Our Holy Meal
BY FR. DAVID J. ENDRES
Food is often linked to religious practice, whether as an offering to the divine, a form of remembrance, or a sign of the sacred. Jewish believers annually celebrate the Passover through a ritual meal called a Seder, a commemoration of the Exodus events when the Lord saved the Israelites.
The Jewish people had suffered under the Egyptians, but God intervened, sending a series of plagues upon their captors. On the night of the final plague, when the angel of death struck down the firstborn, the Israelites marked their doorposts with the blood of the lamb of sacrifice, and the angel “passed over” their homes, leaving them unharmed (see Exodus 11–12).
The Seder meal remembers the Israelites in flight when they were freed from the Egyptians and left in haste for the Promised Land. The meal includes wine, unleavened bread, and bitter herbs, with each, according to the ritual, connecting with the experience of the Israelites. Prescribed prayers are said, and a script is read, retelling the story. When one celebrates the Passover, it is as if each participant is being freed from slavery and offered freedom.
For Christians, the Passover is not a commemoration that is limited to Judaism. As a Jewish believer, Jesus celebrated this same Passover feast. At the Last Supper, on the night before his crucifixion, Jesus offered bread and wine in a parallel fashion as the Passover meal. Referring to the Passover, or the “day of preparation,” or the “first day of the Feast of Unleavened Bread,” all three of the synoptic Gospels place the Last Supper in the context of the Passover.
Jesus, when gathered with his disciples, offered food and drink, instructing his followers to do so “in remembrance” — the same command that God gave the Israelites when he asked them to celebrate the Passover as a perpetual memorial.
This does not mean, however, that the Last Supper was an ordinary Passover meal. At the Last Supper, there is no mention of a lamb, though the lamb is a focal point of the Passover story (and was part of the Passover meal during the time of Jesus). The absence is puzzling unless one considers the role of Christ at the meal — he is to be the lamb of sacrifice.
Jesus foretells his death on the cross, saying: “This is my blood of the covenant, which will be shed on behalf of many for the forgiveness of sins” (Matthew 26:28). Only after Jesus’ resurrection does the significance of the Last Supper and Jesus as the lamb begin to be understood. Jesus’ life, death, and resurrection offer believers a participation in the New Exodus, a transformation from slavery to freedom, from death to life.

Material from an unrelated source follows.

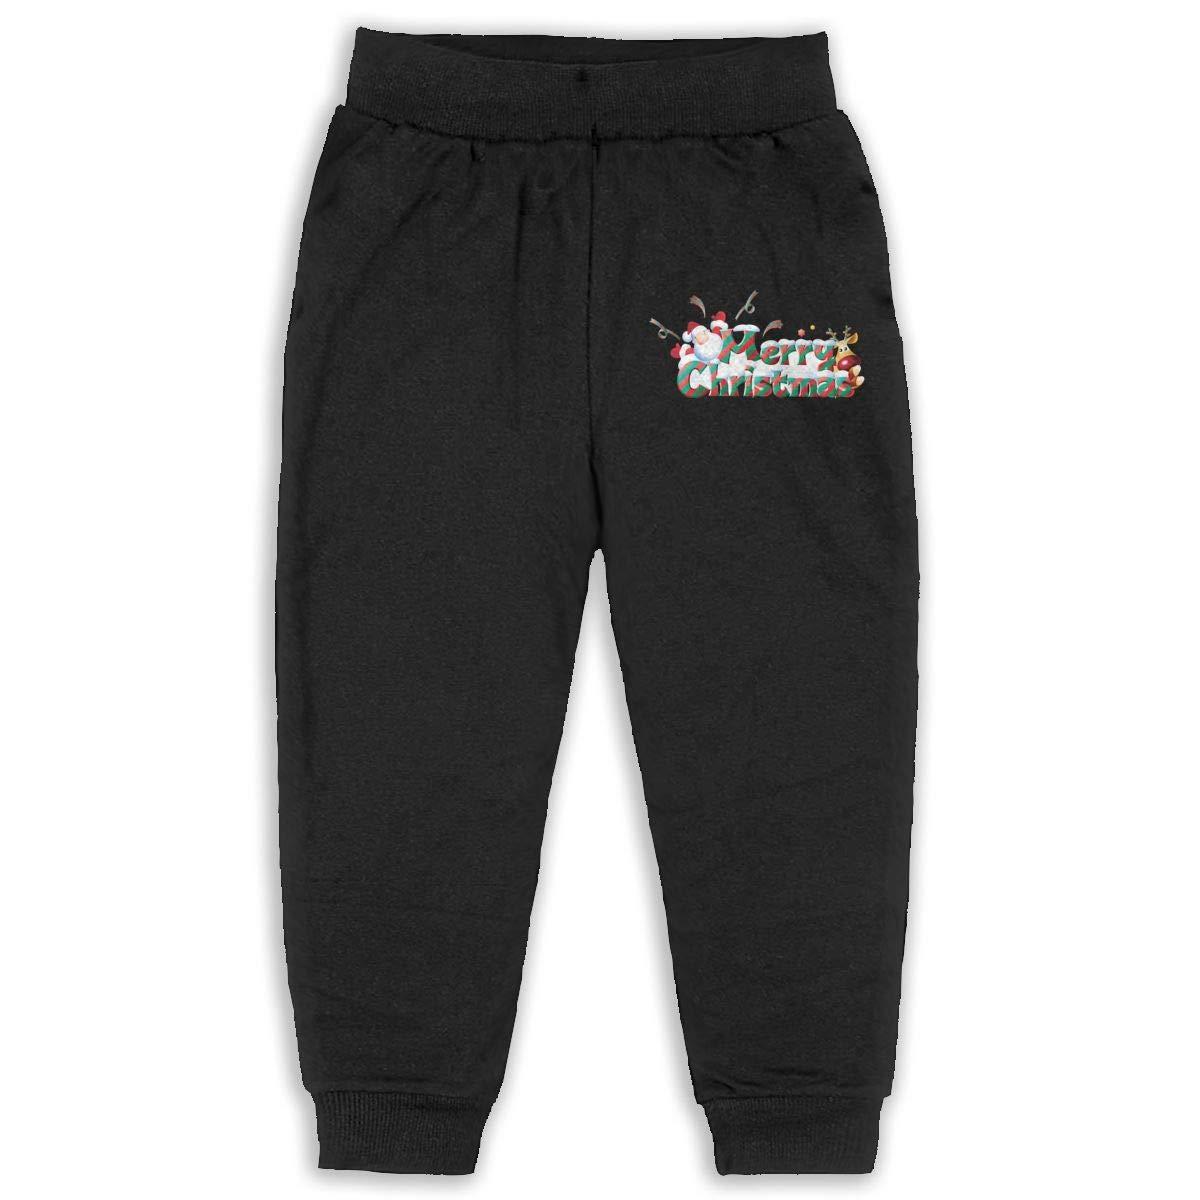 JOAPNWJ Merry Christmas Children Cartoon Cotton Sweatpants Sport Jogger Elastic Pants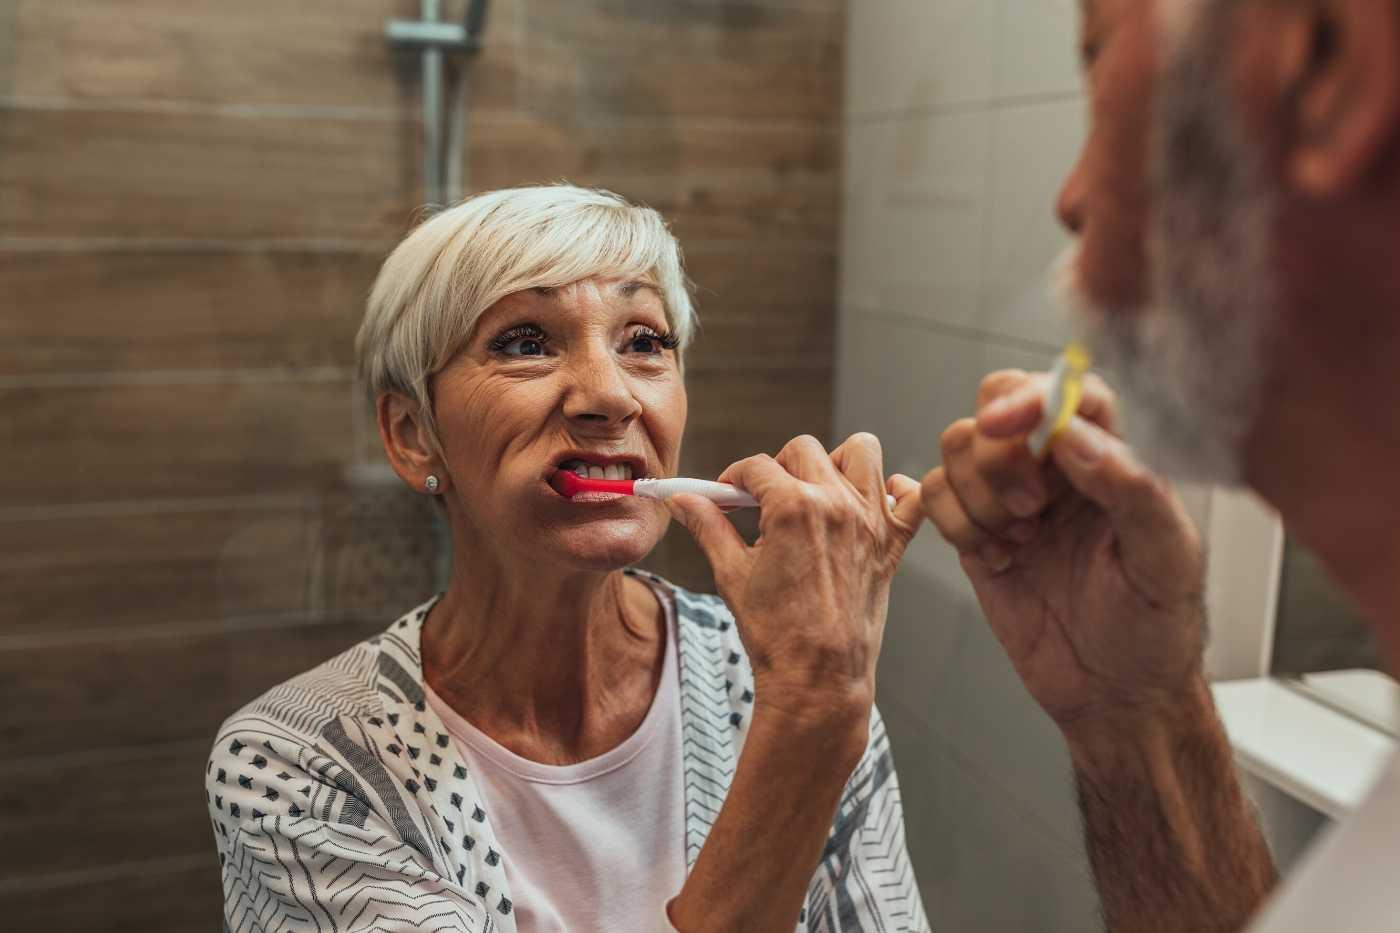 Two older adults practicing good dental hygiene

The early Christians kept the Passover, and even when Easter became a distinct celebration, it coincided with the date of the Passover, no matter on which day of the week it fell. The connection was fitting since, on Easter, Jesus had “passed over” from death to life. Only after much dispute did a new formula for dating Easter emerge, fixing the celebration on the day of the Lord’s resurrection: Sunday.
Some Christian theologians believe that the Last Supper was a Passover meal celebrated early — before the Passover would have traditionally been celebrated — due to the circumstances of Jesus’ arrest. This would have allowed for his crucifixion before the celebration began. Other sources, likely because of the value of the symbolism, connect his death with the Passover itself, noting that he was crucified at the same time the lambs for Passover were slaughtered.
No matter which tradition is correct, the early Church clearly connected the two. St. Paul called Jesus “our Passover” (1 Corinthians 5:7, CEV), and St. Ephrem in the fourth century wrote, “Our Lord ate the Little Pascha (Passover) and became himself the great Pascha.”
The Last Supper continues to be commemorated whenever the Mass is celebrated. In imitation of the words of Jesus at the Last Supper, “Do this in memory of me,” the Mass is our holy meal in which we participate in the saving actions of Jesus.
In this New Exodus, Christ invites us to freedom and abundance of life. God’s promises and their fulfillment, once celebrated by our Jewish ancestors in the Passover, are accomplished finally in Jesus’ sacrifice. As a commemoration of death giving way to life, the Passover is a reminder of the common link between the Jewish and Christian faiths.